■ **RECORDED DATA**:
════════════════════

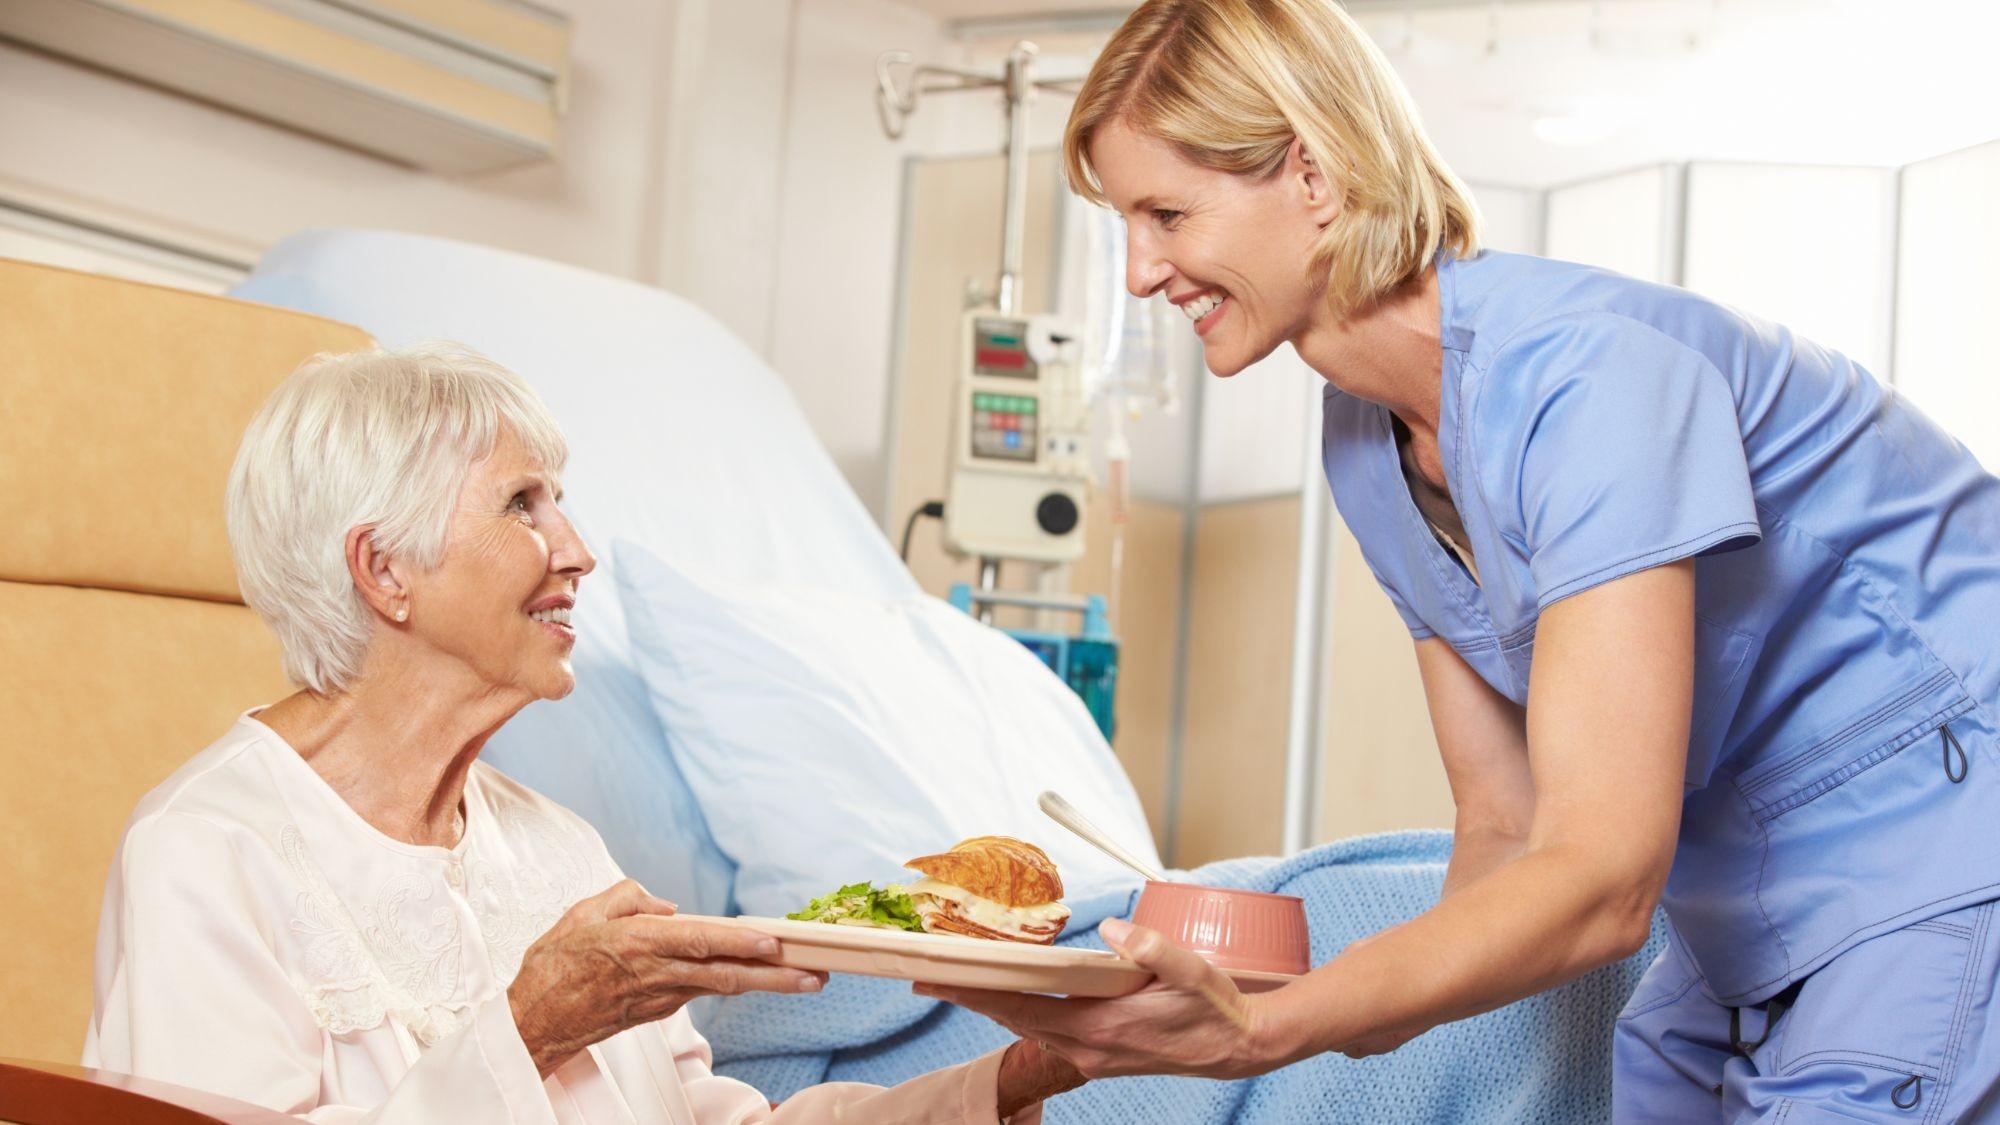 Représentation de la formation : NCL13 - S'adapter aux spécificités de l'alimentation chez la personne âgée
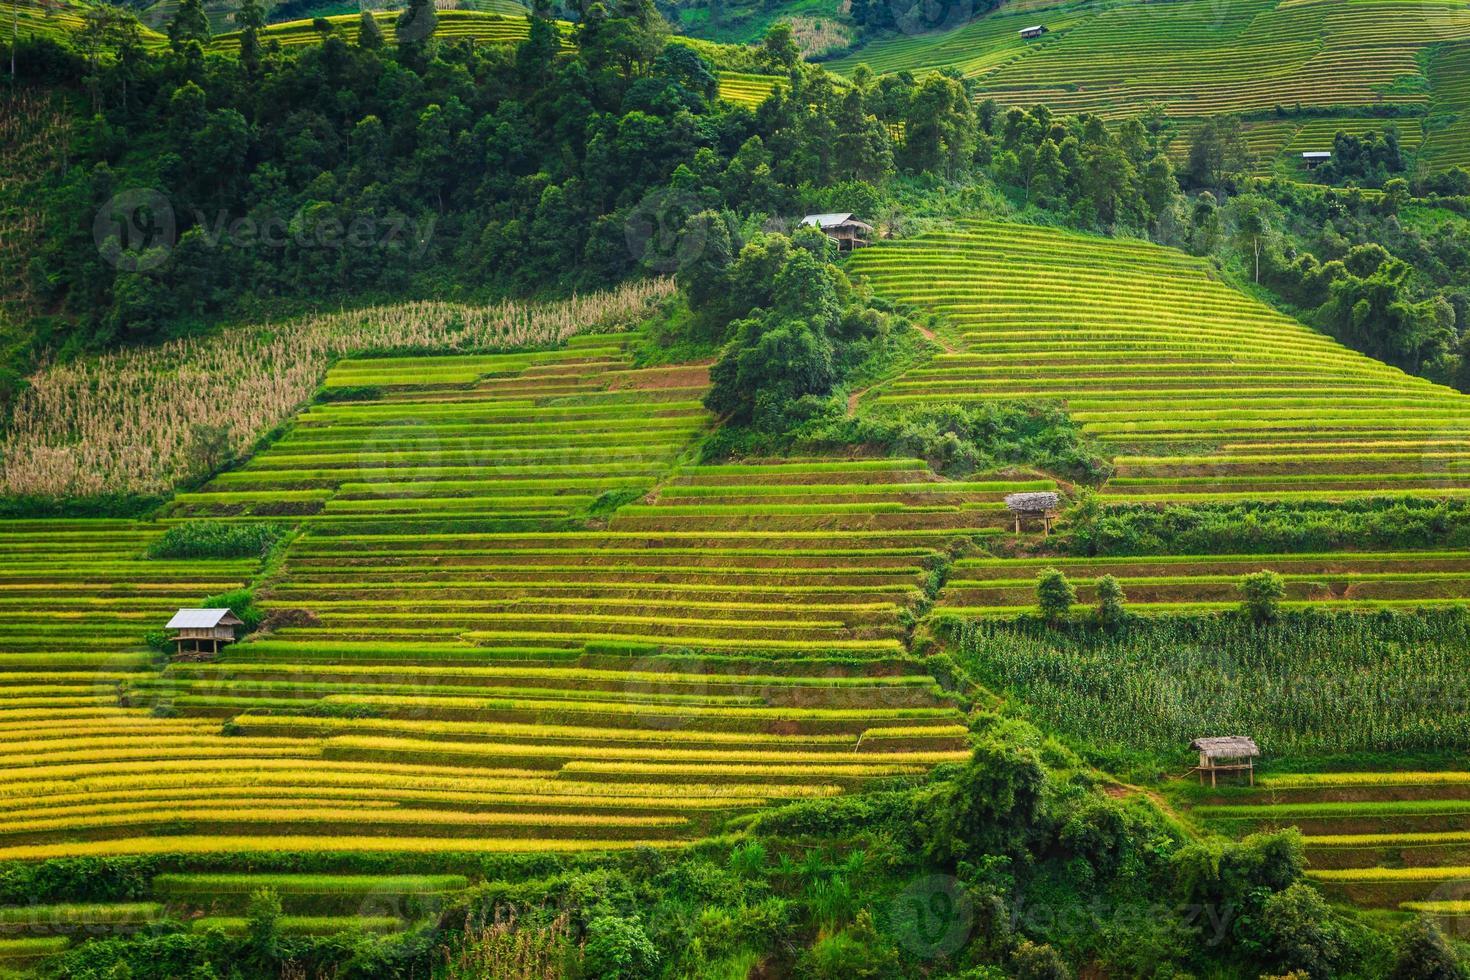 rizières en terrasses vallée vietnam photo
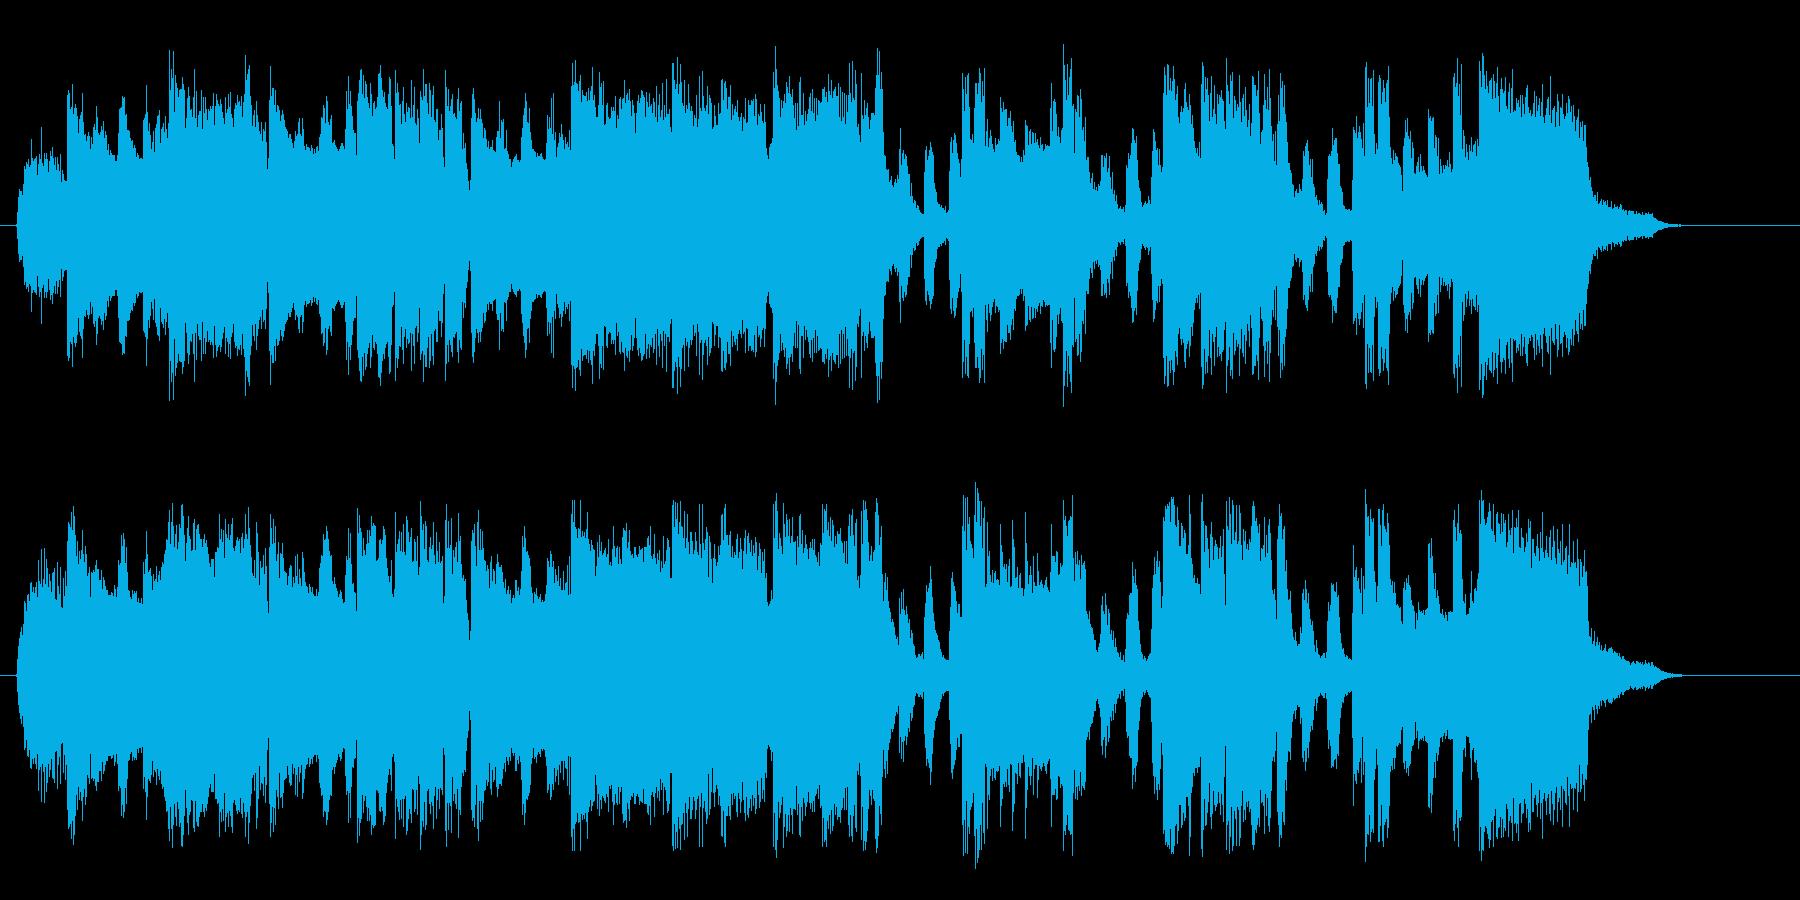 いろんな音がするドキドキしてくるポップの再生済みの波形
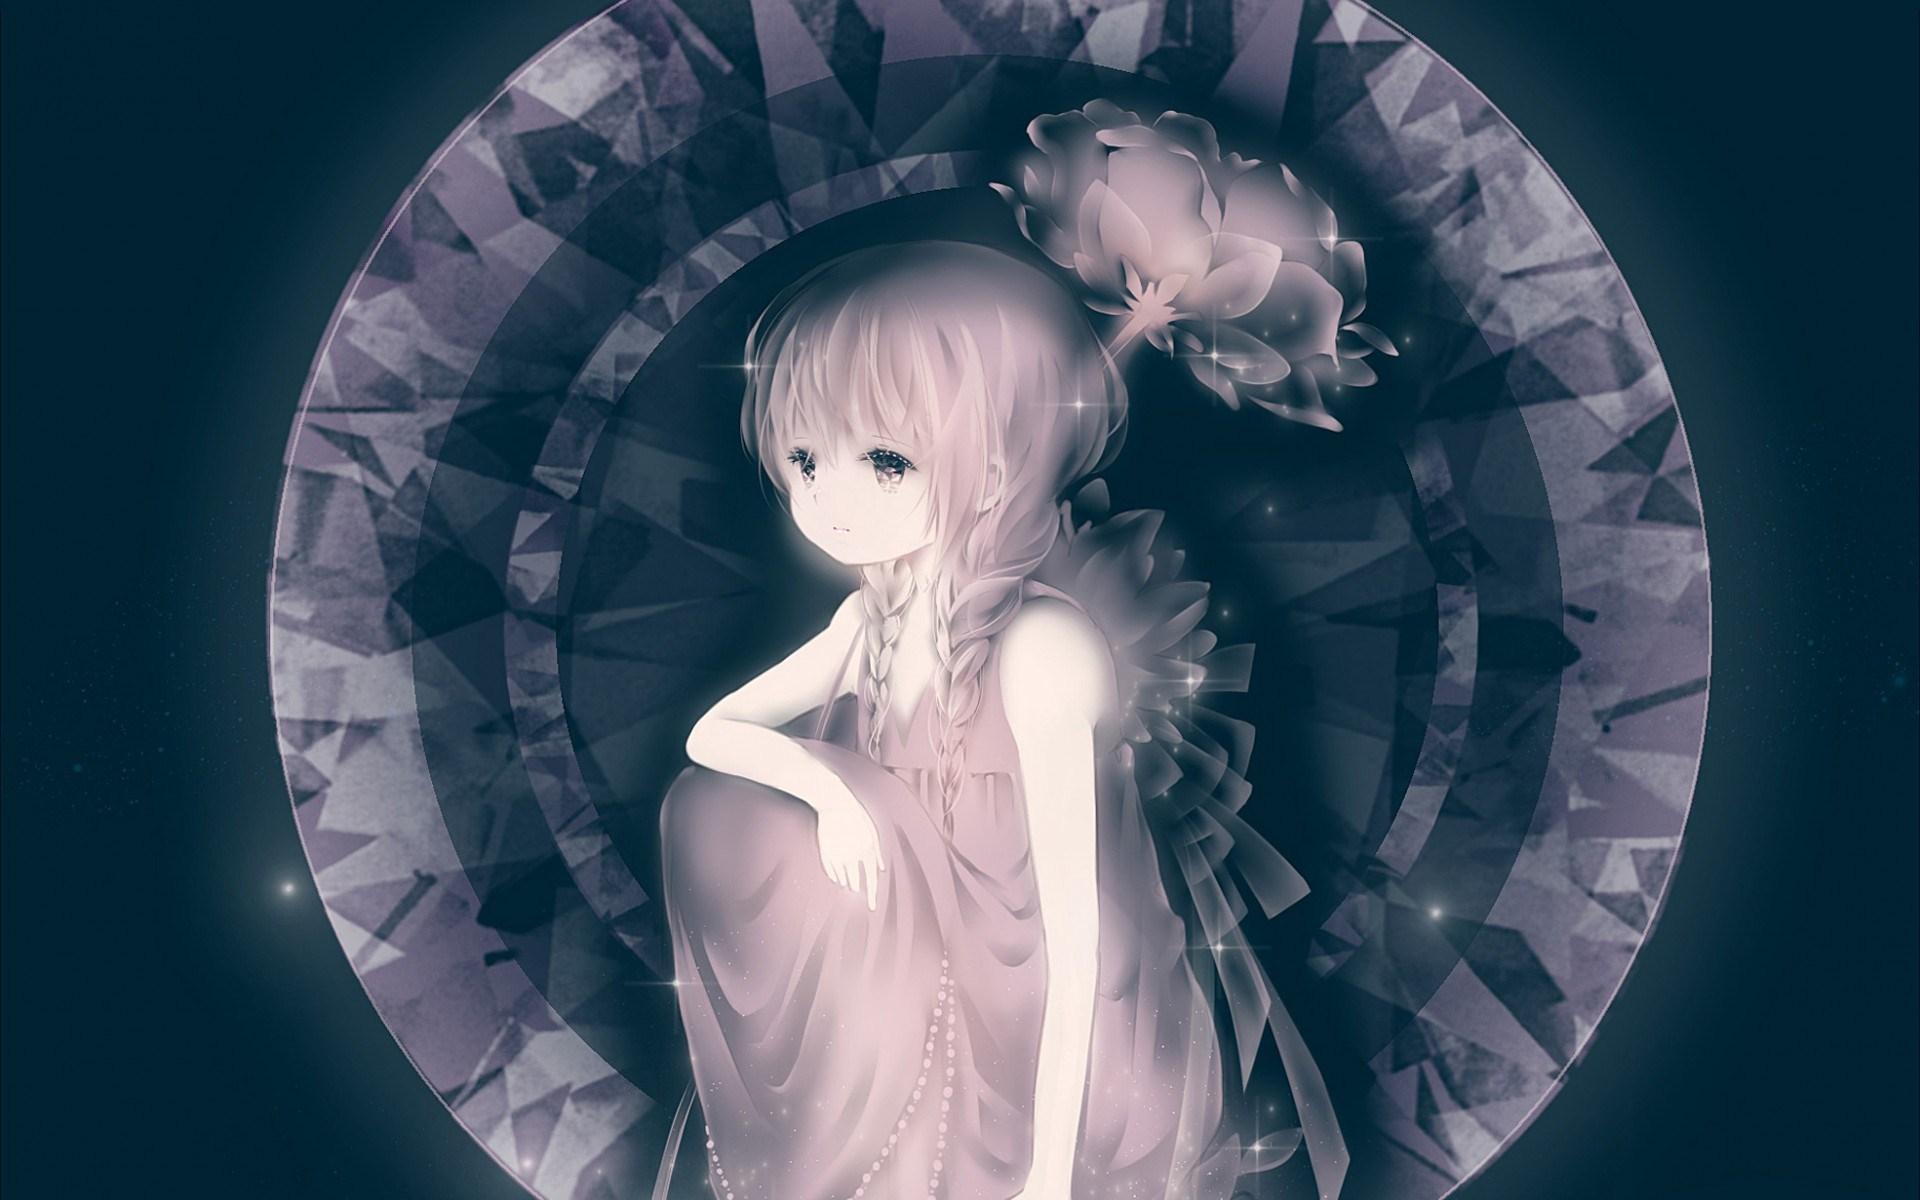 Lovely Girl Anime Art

════════════════════

■ **WORK INSTRUCTIONS**:
Reproduce the material above exactly but drop all images.

■ **SOLUTION FOR THIS PROBLEM**:
 Représentation de la formation : NCL13 - S'adapter aux spécificités de l'alimentation chez la personne âgée
 rizières en terrasses vallée vietnam photo
 いろんな音がするドキドキしてくるポップの再生済みの波形
 Lovely Girl Anime Art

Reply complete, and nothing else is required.